# Sous vide chicken



## Taters (May 22, 2018)

Hey guys, 

I've lurked on this forum here and there. As a self taught cook, you guys have really helped me ascend from the depths of grimy pizza kitchens into fine dining. So, first of all, thank you. 

I was recently promoted to sous at my current job, and one of my first priorities is changing the least selling dish on our menu.

Currently we only use the sous vide for chicken and sausages. The sausages we move through fairly quickly, and they reheat quickly when cold so no big deal. But the chickens don't sell all the time. When I started they would sometimes sit in the water day after day... I've been trying to pull them like we do the sausages, but I'm not satisfied with the result when I reheat them. 

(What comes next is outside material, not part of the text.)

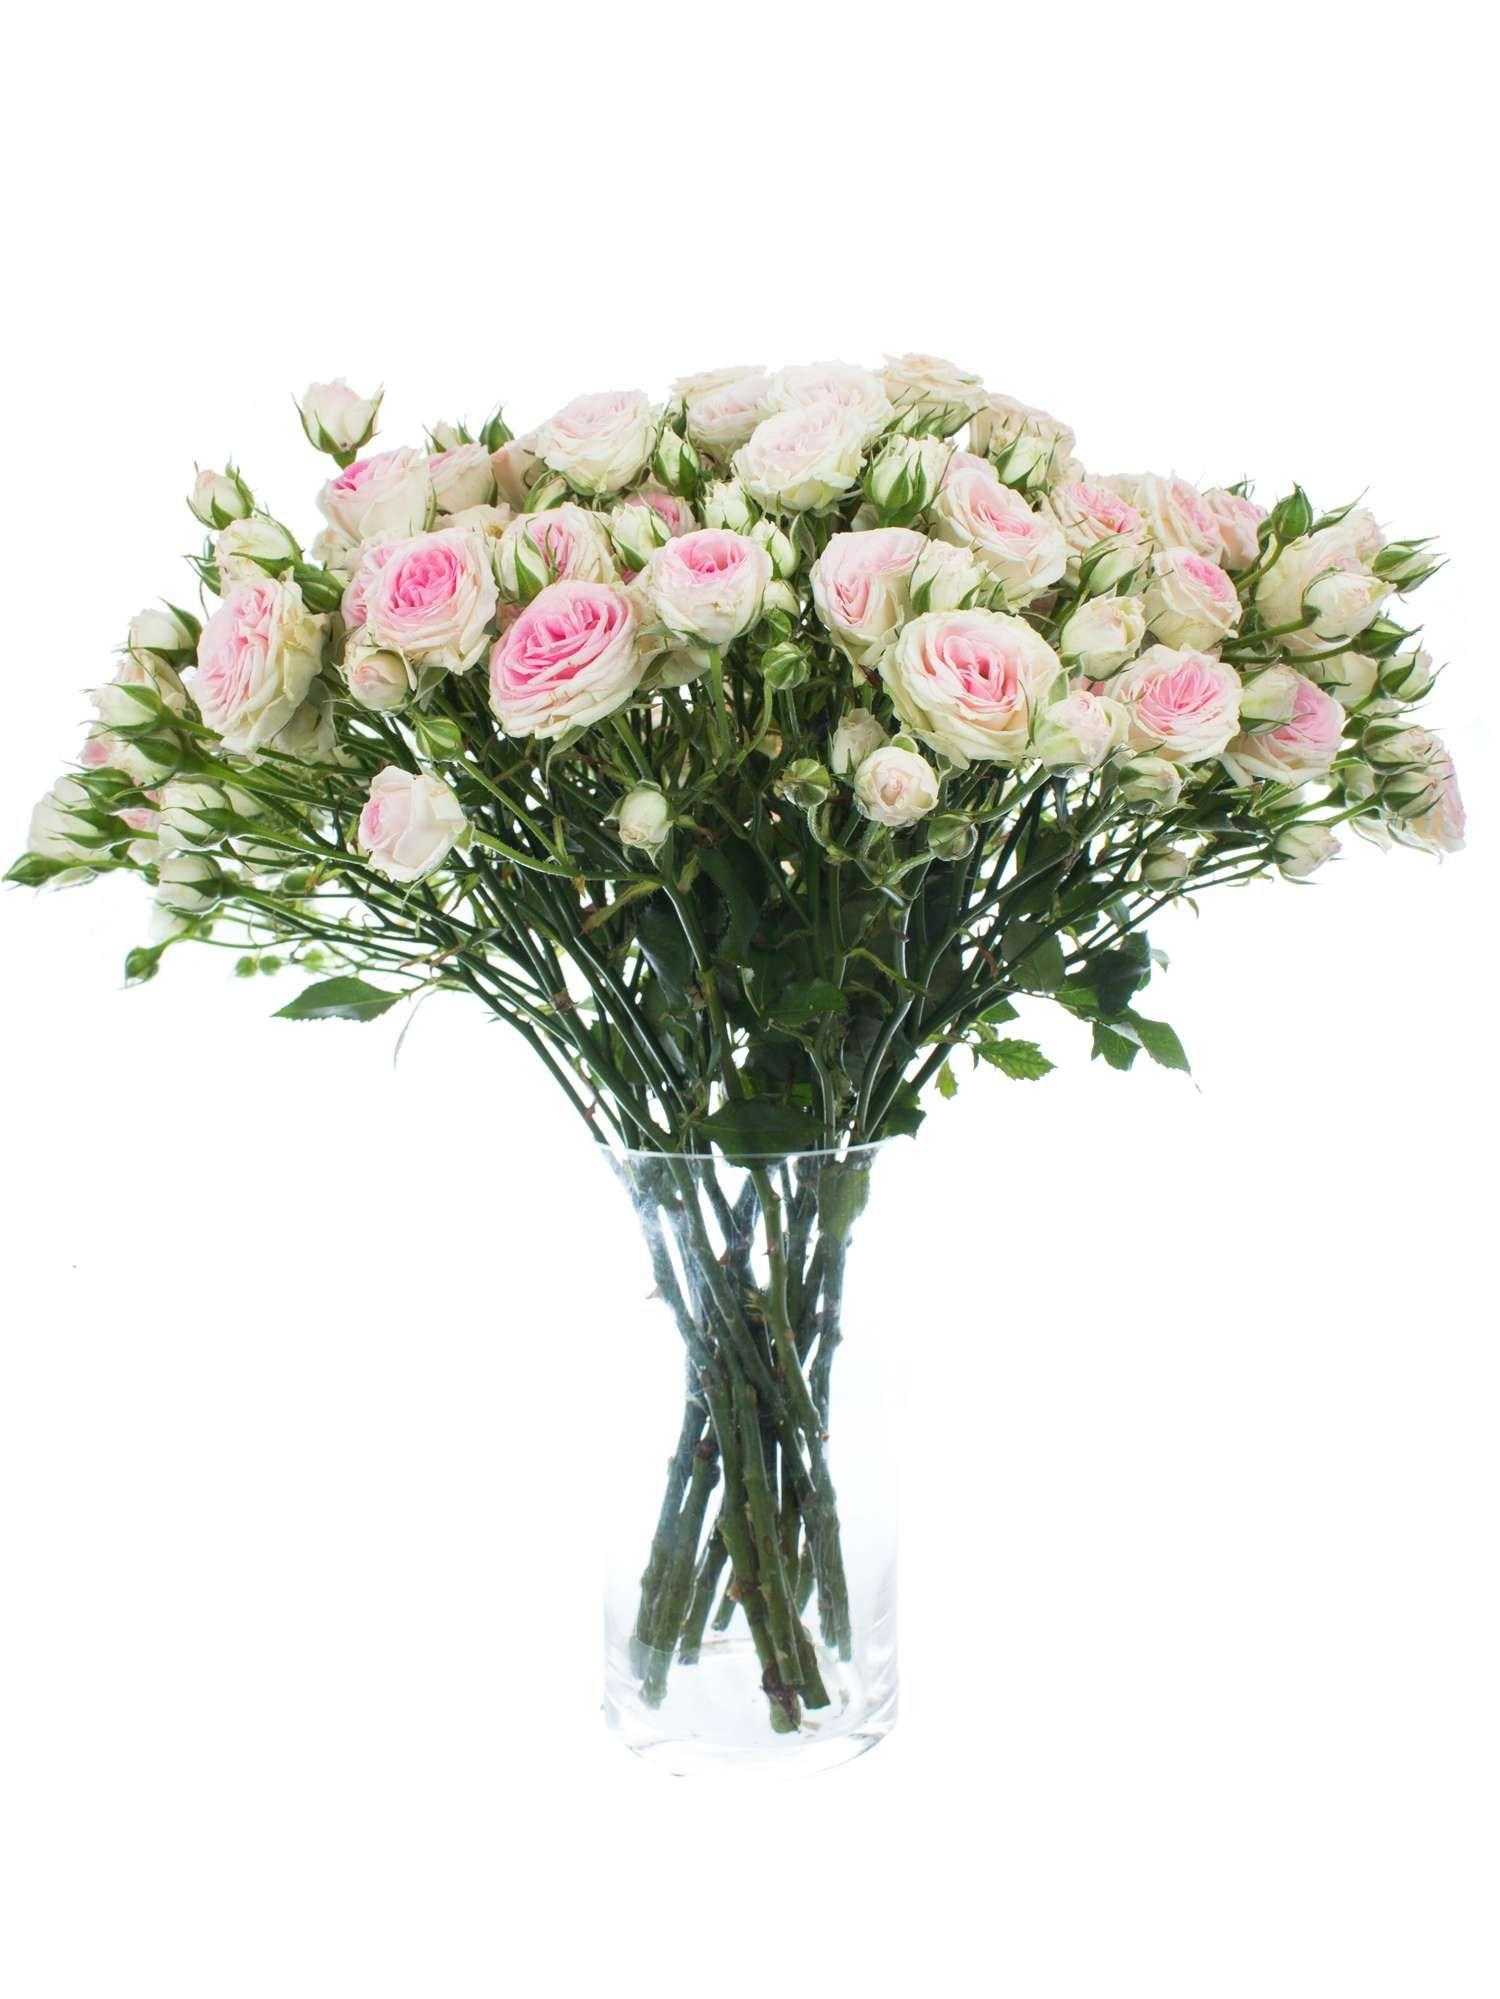 rosen verzweigt mimi eden rosa wei eine rose. Black Bedroom Furniture Sets. Home Design Ideas

So to all the chefs who sous vide chicken, what is your method? Ice and reheat? Fire a few before service and hope for the best? Fry the sucker? I've done my internet research as best as I can but I still feel like I'm missing something... This is the first time I've used this method professionally, and I really want to start my first month off by fixing the damn chicken!


----------



## Pat Pat (Sep 26, 2017)

It depends on the finished product. What is it?


----------



## someday (Aug 15, 2003)

OK, can we get some more detail about your technique and methods for the chicken. What cut are you using (I assume breast but you didn't say)? What temp are you initially cooking it at? What temp are you holding it at? Are you reheating from cold or just keeping cooked chicken in a sous vide bath all day long? And you say day after day...surely you don't mean you are keeping the SAME chicken breast in the bath day after day?? (I hope not)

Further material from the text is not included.